3. Figure 2b. The number of proteins belonging exclusively to each condition has to be indicated in the diagram.
4. Figure 2c. The same analysis has to be performed for all samples from all subjects and at least showed in the supplementary material. P-values should be indicated.
5. Figure 2d. It is not clear what is being measured in the matrix and what the heatmap means.
6. Figure 2e. The authors should apply this analysis with each disease sample versus their bilateral healthy counterpart as well as each disease sample versus all healthy samples.
7. Figure 3b. This part of figure 3 is missing in the main text and not properly explained.
8. The discussion should be summarized. Most of the information belongs to introduction.

Minor comments

1. Figure 3 description is misspelled. “Figure 3. Differential protein analysis between NC and BC NAF (a) Volcano plot of protein Figure 14. (blue dots) classified as downregulated”

Author Response

Please see the attachment.

Author Response File: Author Response.docx

Reviewer 3 Report

Currently, multiple studies are ongoing with the aim to better define the diagnostic options, mostly in relation to the prognostic factors for breast cancer. 

It could be of interest to add a brief description of the different breast molecular subtypes in terms of impact on prognosis and how radiomics is trying to predict on the base of imaging tumor characteristics.   It could be of interest to cite 

• PMID: 2913256 - DOI: 10.1016/j.soc.2017.08.005
• PMID: 33299040 - DOI: 10.1038/s41598-020-78681-9

Moreover, it could be of interest to discuss the possible impact on worldwide screening system or how this technique could be integrated with standard imaging.

Round 2

Reviewer 1 Report

After revision, the manuscript has been improved and I have no further comments. 

Author Response

The authors thank the reviewer for accepting the changes to the manuscript.

Reviewer 2 Report

The approach is highly novel and interesting to the field. The paper has been improved; however, the number of samples are not sufficient to support the results described and lack real interest. The limitations in the current pandemic situation are understandable although sample obtention doesn´t feel as problematic as the authors stated. 

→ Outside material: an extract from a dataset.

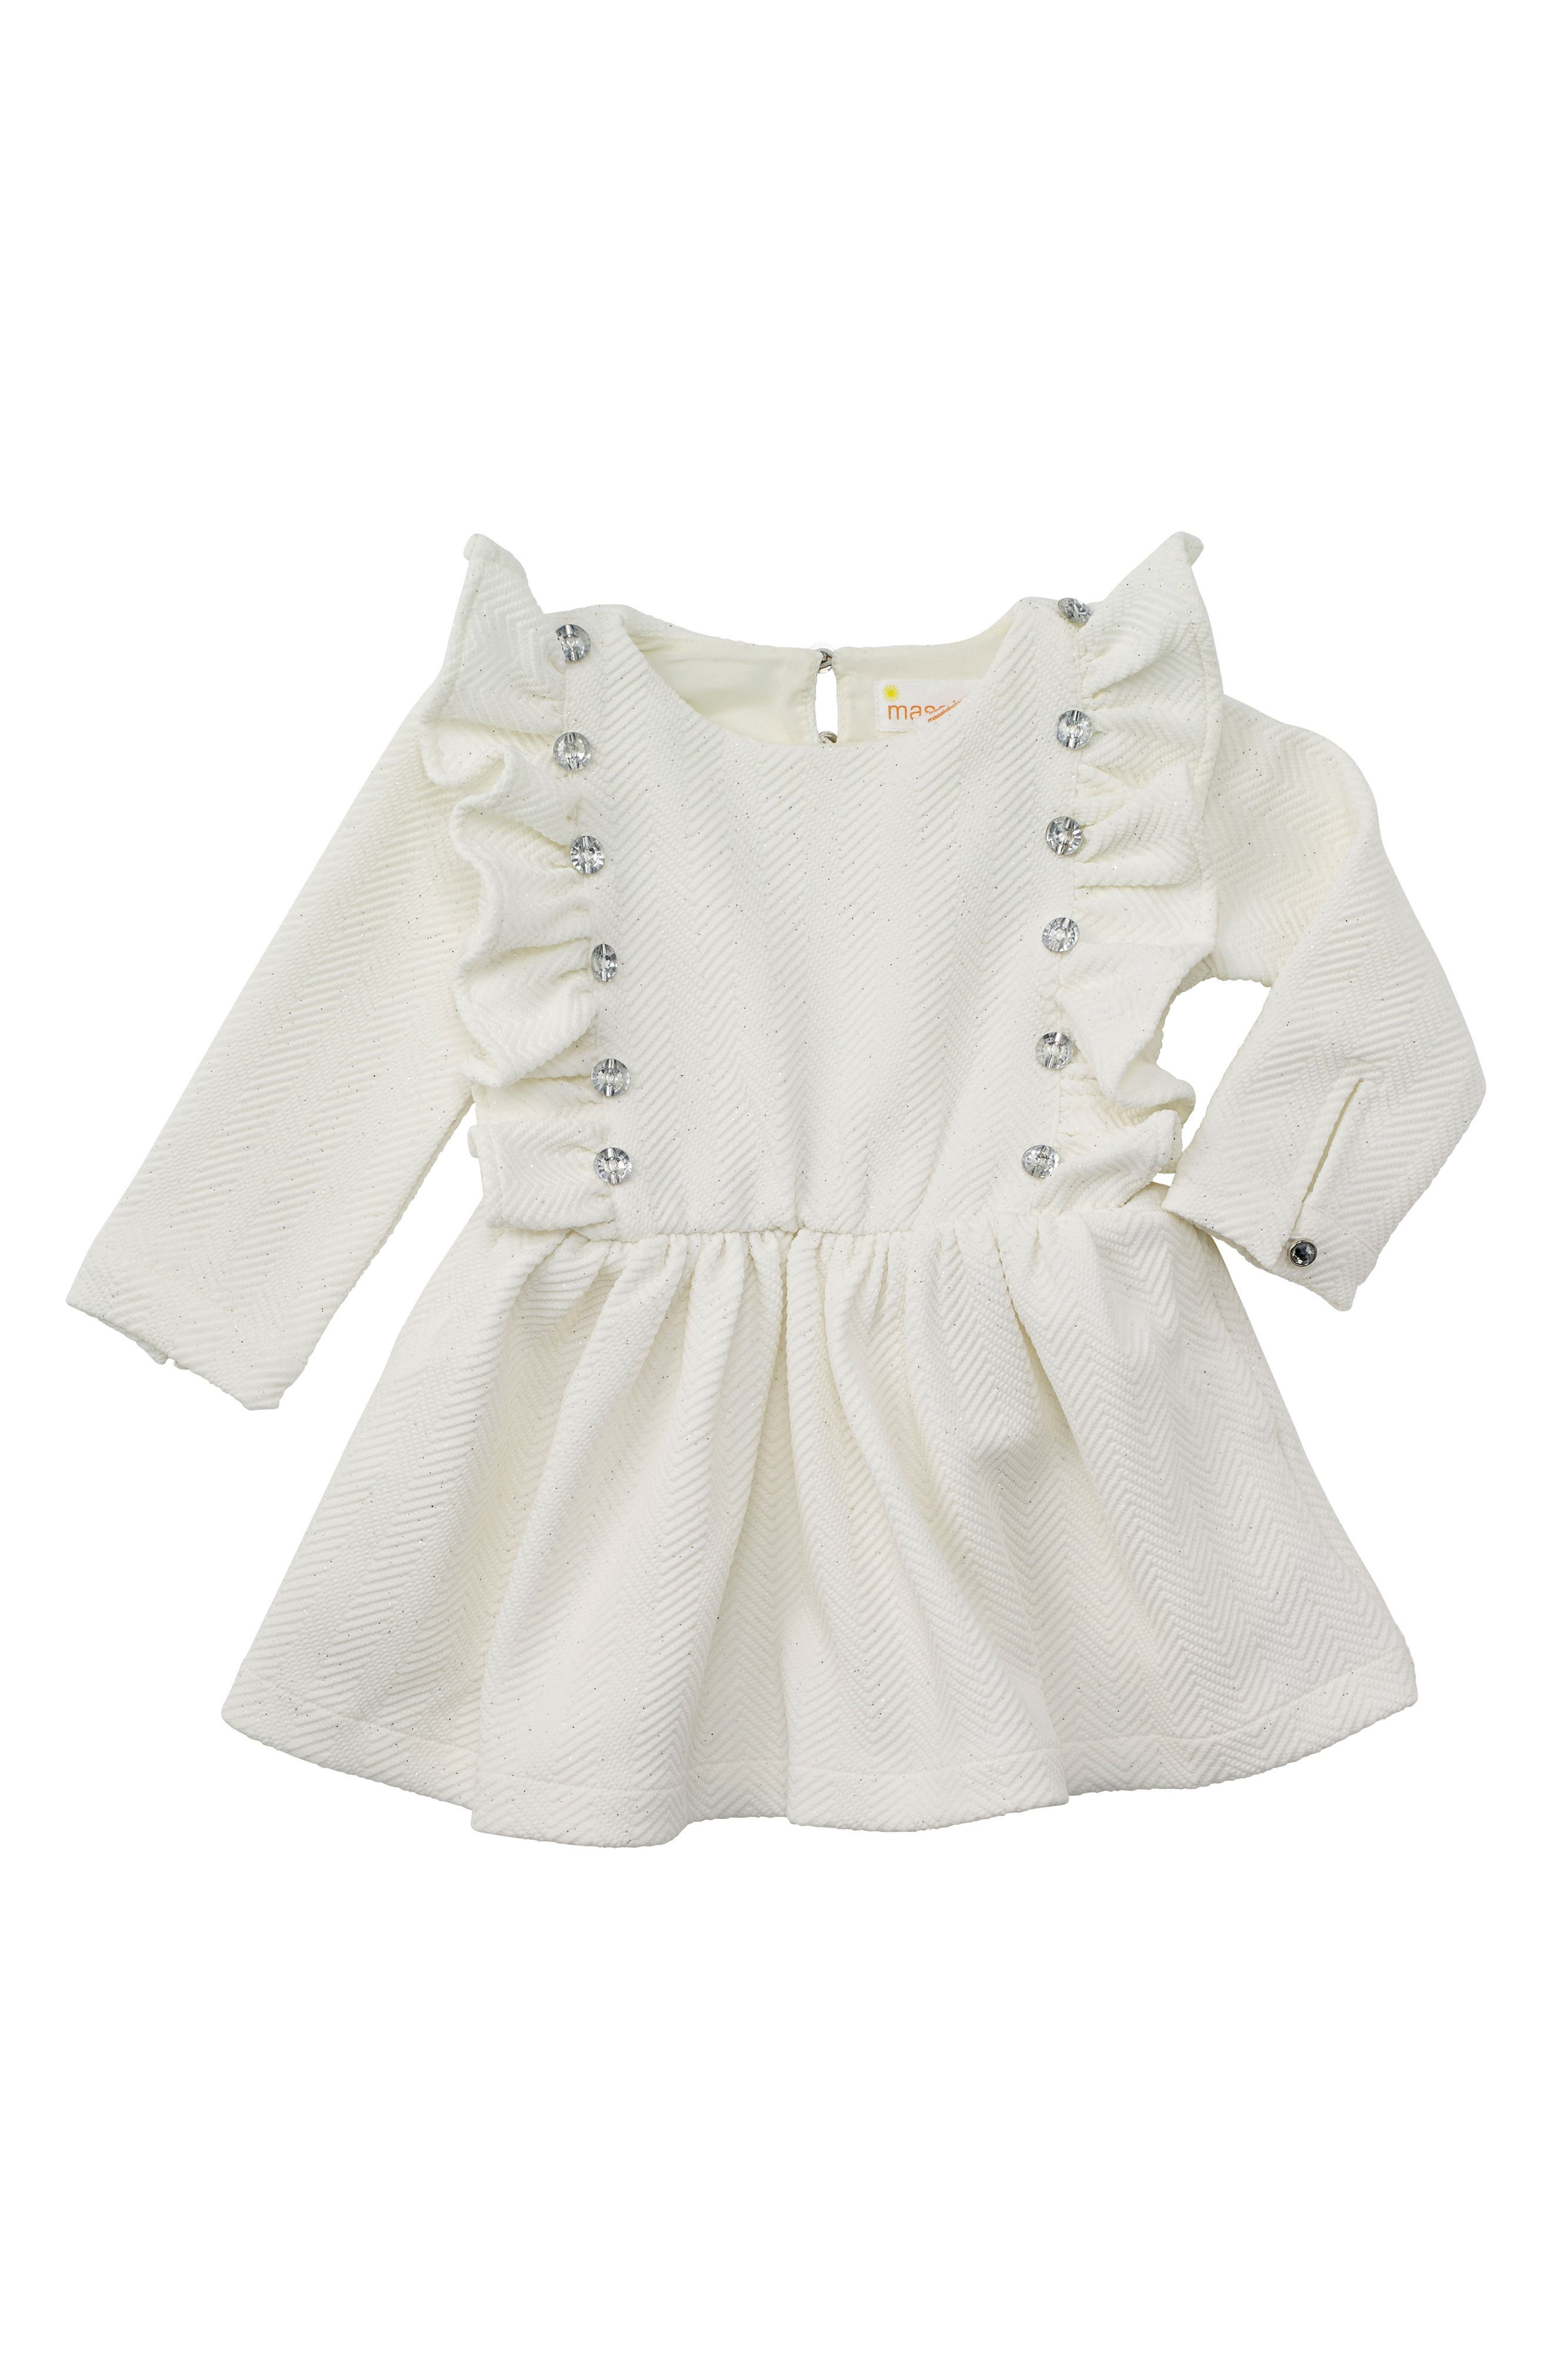 Alternate Image 1 Selected - Masalababy Fantasia Dress (Baby Girls)
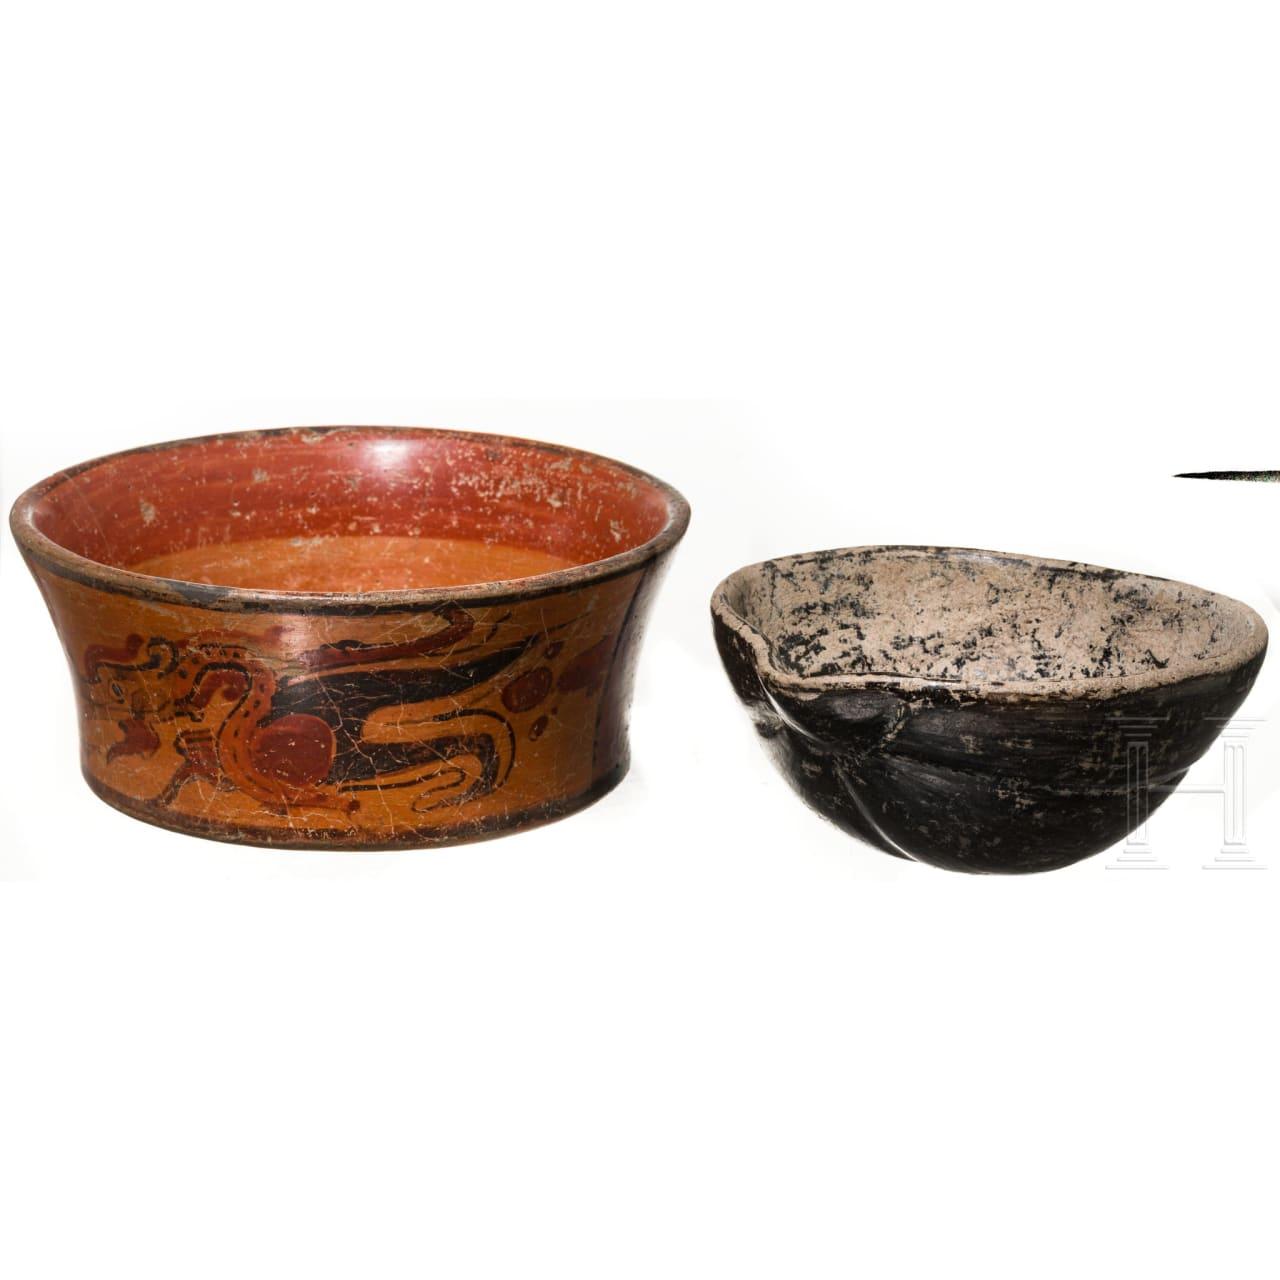 Two Maya bowls, Guatemala, late classical period, 600 - 900 A.D.

Some figures are still confusing and not very well explained.

Author Response

The authors would like to thank the reviewer for their helpful suggestions; -

• The number of samples are not sufficient to support the results described and lack real interest. The limitations in the current pandemic situation are understandable although sample obtention doesn´t feel as problematic as the authors stated. 

Response. Due to the pandemic the breast oncoplastic surgeons at Bradford Teaching Hospitals NHS Foundation Trust with who we collaborate have had to prioritise COVID-19 patient care, dealing with a 20% morality rate due to the high deprivation level in the region. The clinicians have significantly reduced clinics and theatre sessions to treat breast cancer, much of which has been moved to a different hospital. It has become a major national concern that the full range of breast screening methods and treatments have had to be reduced and this could lead to increased mortality from breast cancer. Furthermore, the recruitment and ethical consenting of volunteers has been restricted due to lockdown and social distancing preventing our team from engaging with patients or healthy individuals. This inevitably has led to the inability to gain further samples for the study.

We have endeavoured to make it clear that this is a pilot study throughout the manuscript. We have carefully avoided the claim to identify specific biomarkers because of the size of the study. By demonstrating the proof of principle of the technique, we hope to gain further investment into the project so that we can recruit dedicated clinicians and research staff for the recruitment of volunteers and gather more samples for a more extensive study, once the pandemic is over.

• Some figures are still confusing and not very well explained.

Response. We have added additional details to the legends of the figures to improve clarity of the data contained therein.